> _ASSIGNED TASK_: Using the data below, set down every line from the one containing "24 Undercounter Heating" through the one containing "amazon com: arb", inclusive and unchanged. Pictures are to be skipped.

> _RECORDS SUPPLIED_:
⟨

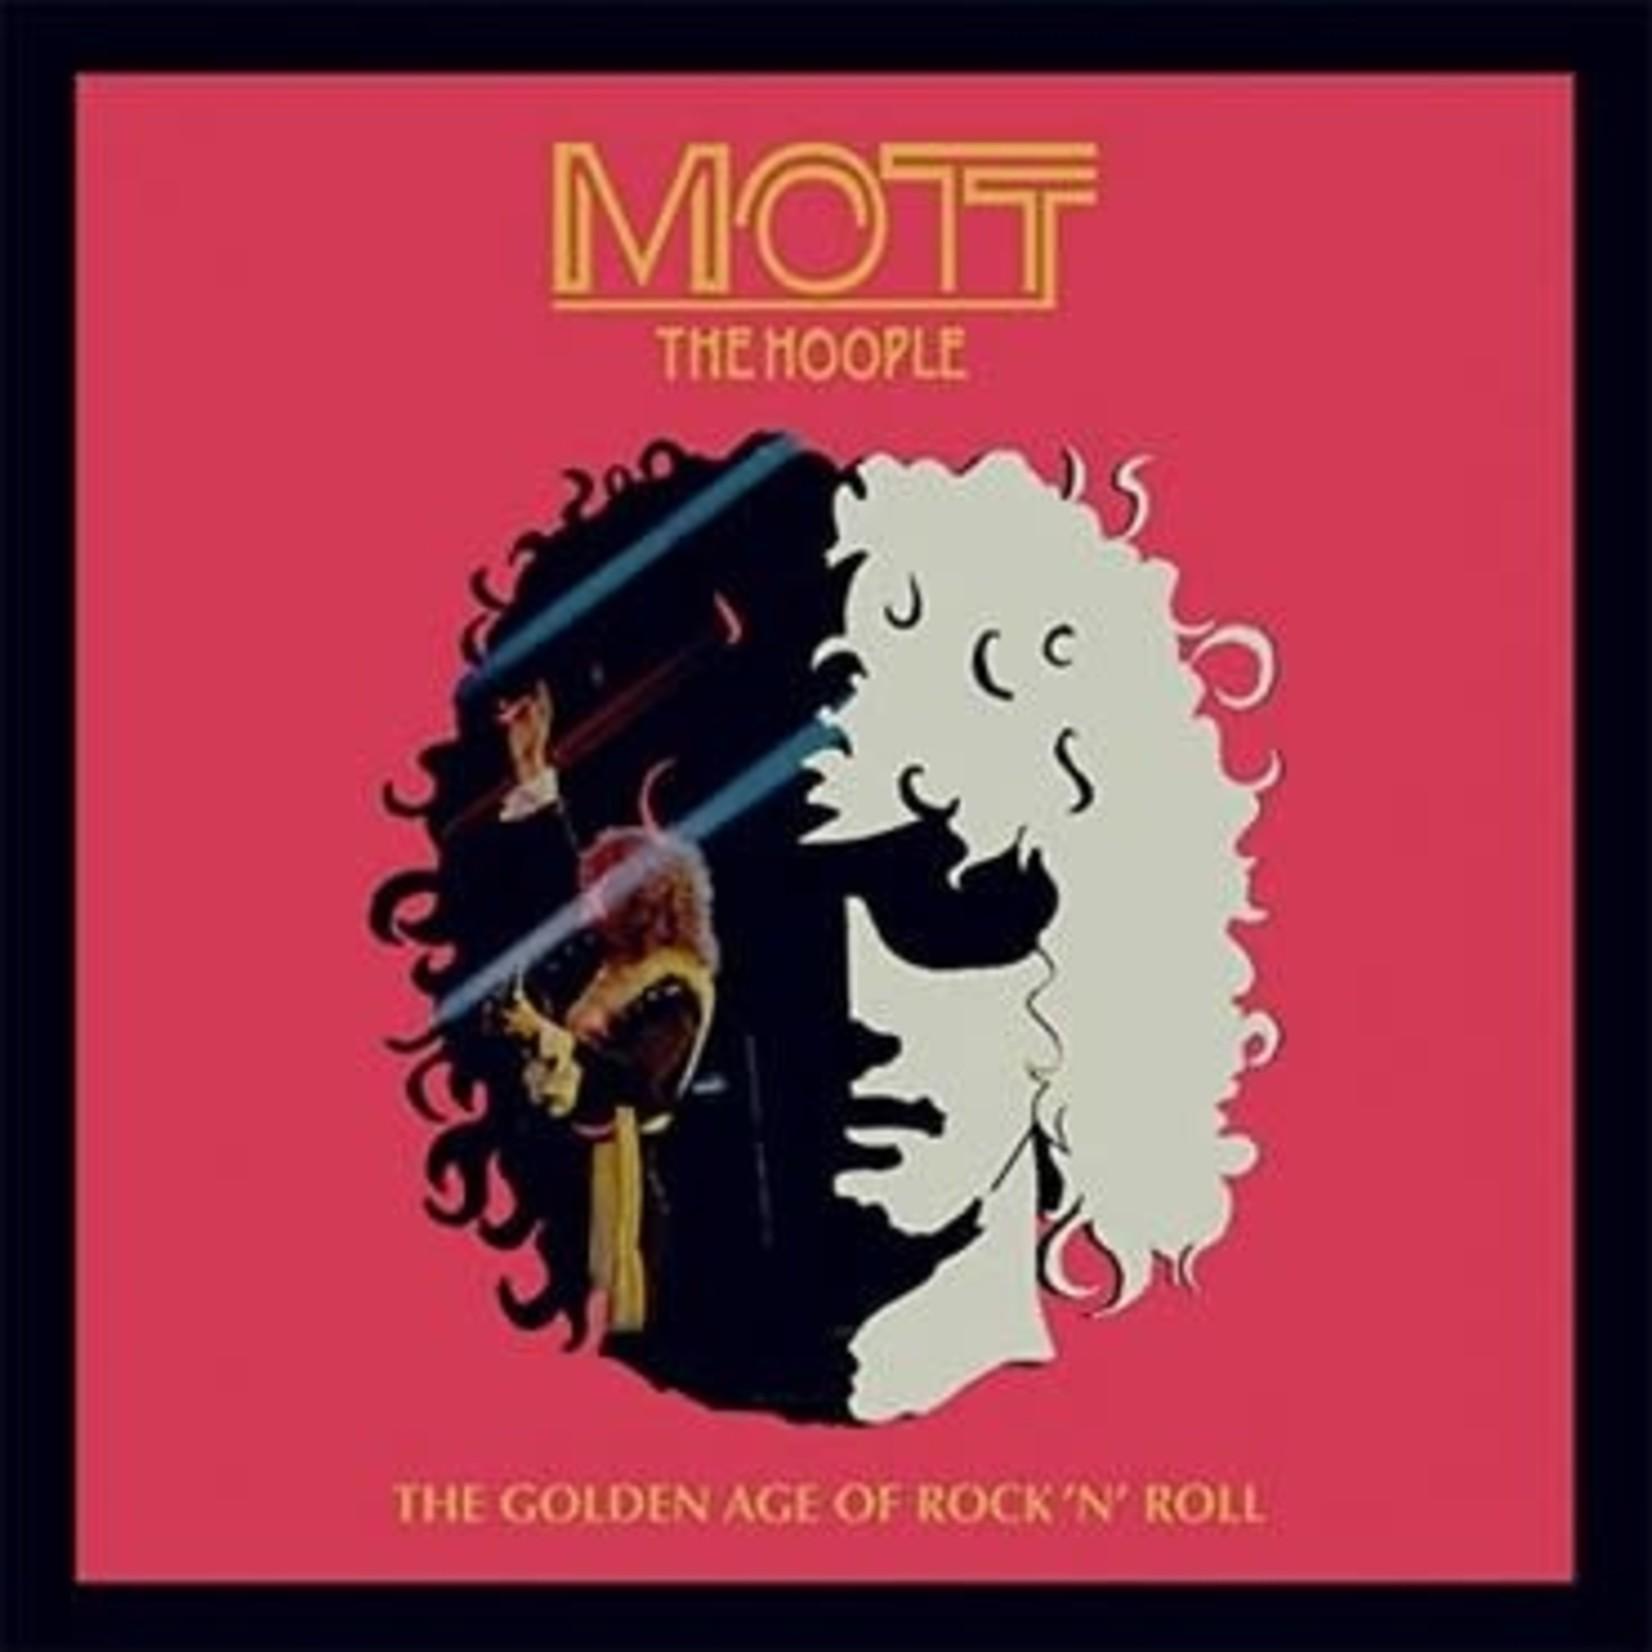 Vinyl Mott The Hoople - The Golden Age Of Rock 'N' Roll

⟩
⟨

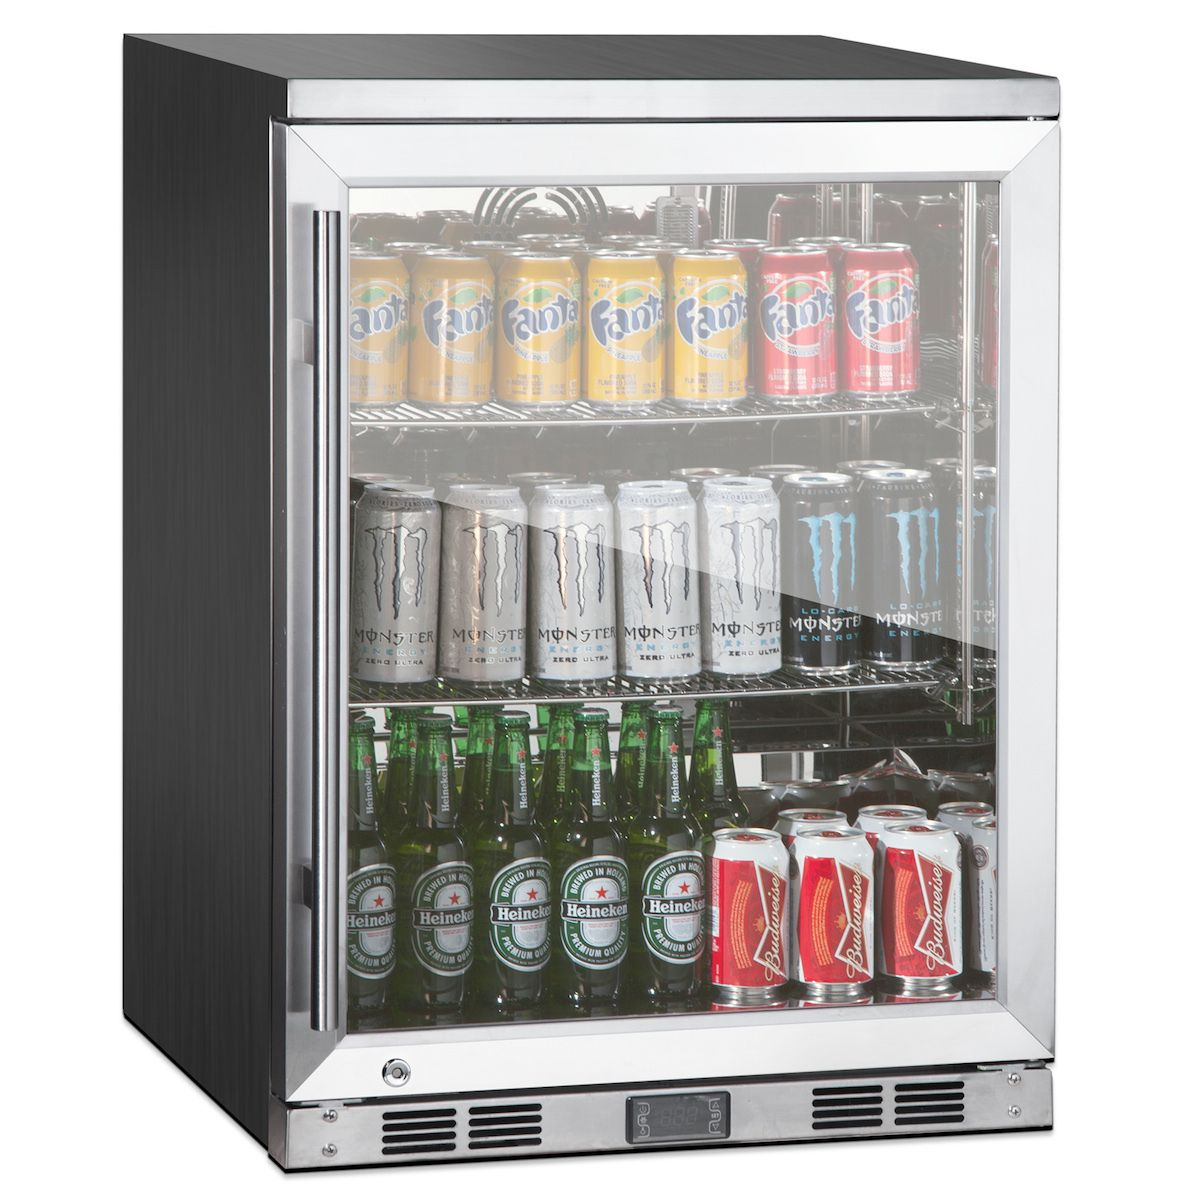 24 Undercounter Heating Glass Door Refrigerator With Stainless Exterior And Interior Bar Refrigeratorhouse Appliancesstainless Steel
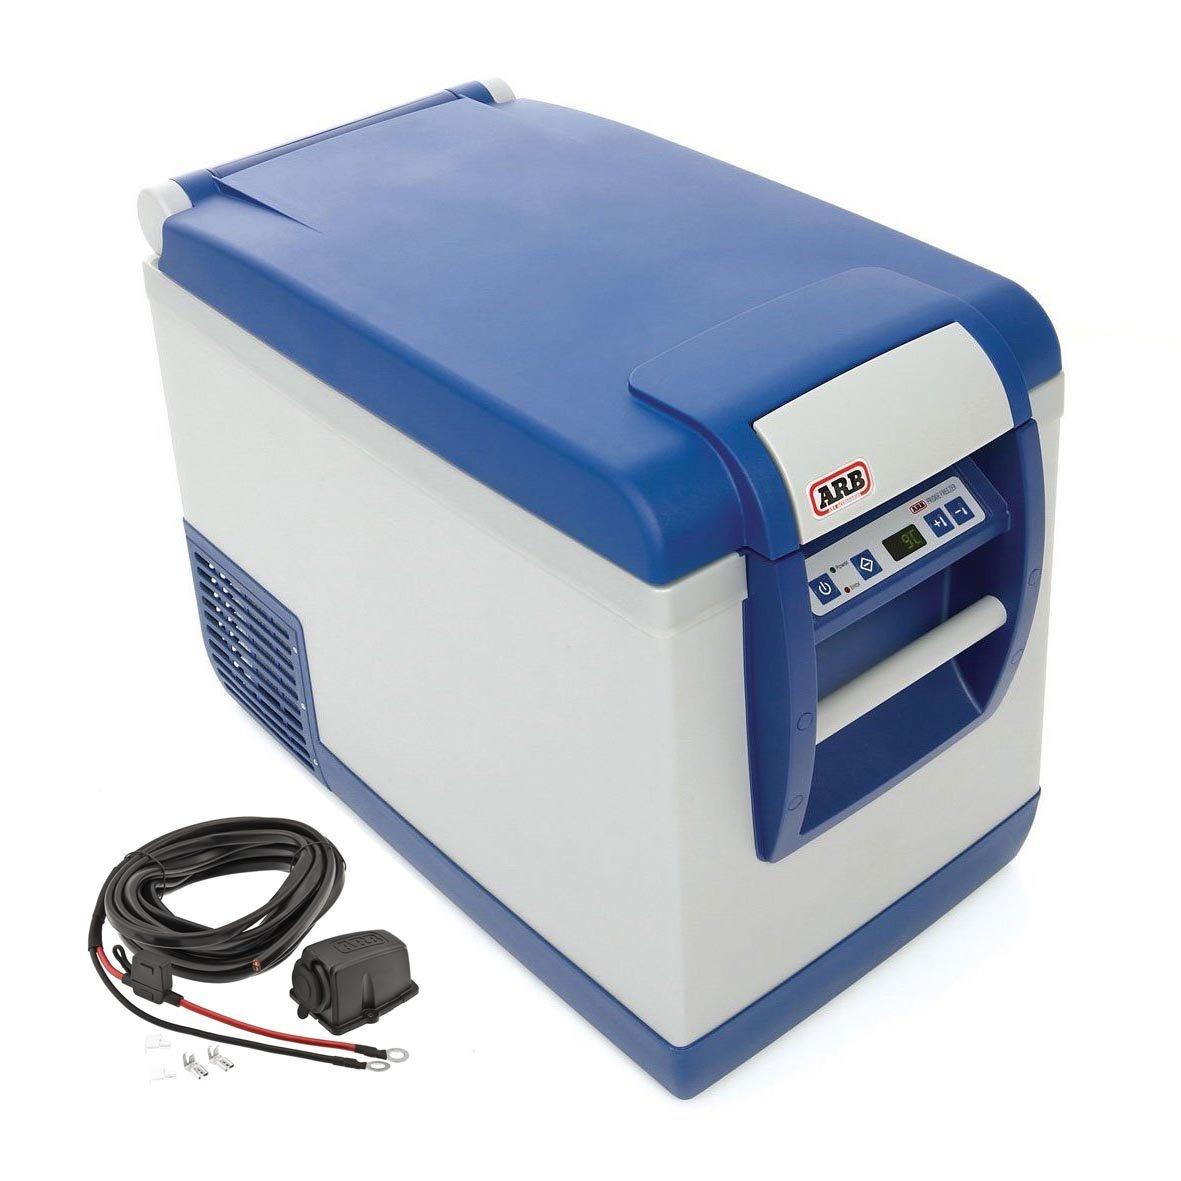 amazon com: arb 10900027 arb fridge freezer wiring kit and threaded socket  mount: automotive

⟩

> _WRITTEN ANSWER_:
 24 Undercounter Heating Glass Door Refrigerator With Stainless Exterior And Interior Bar Refrigeratorhouse Appliancesstainless Steel
 amazon com: arb 10900027 arb fridge freezer wiring kit and threaded socket  mount: automotive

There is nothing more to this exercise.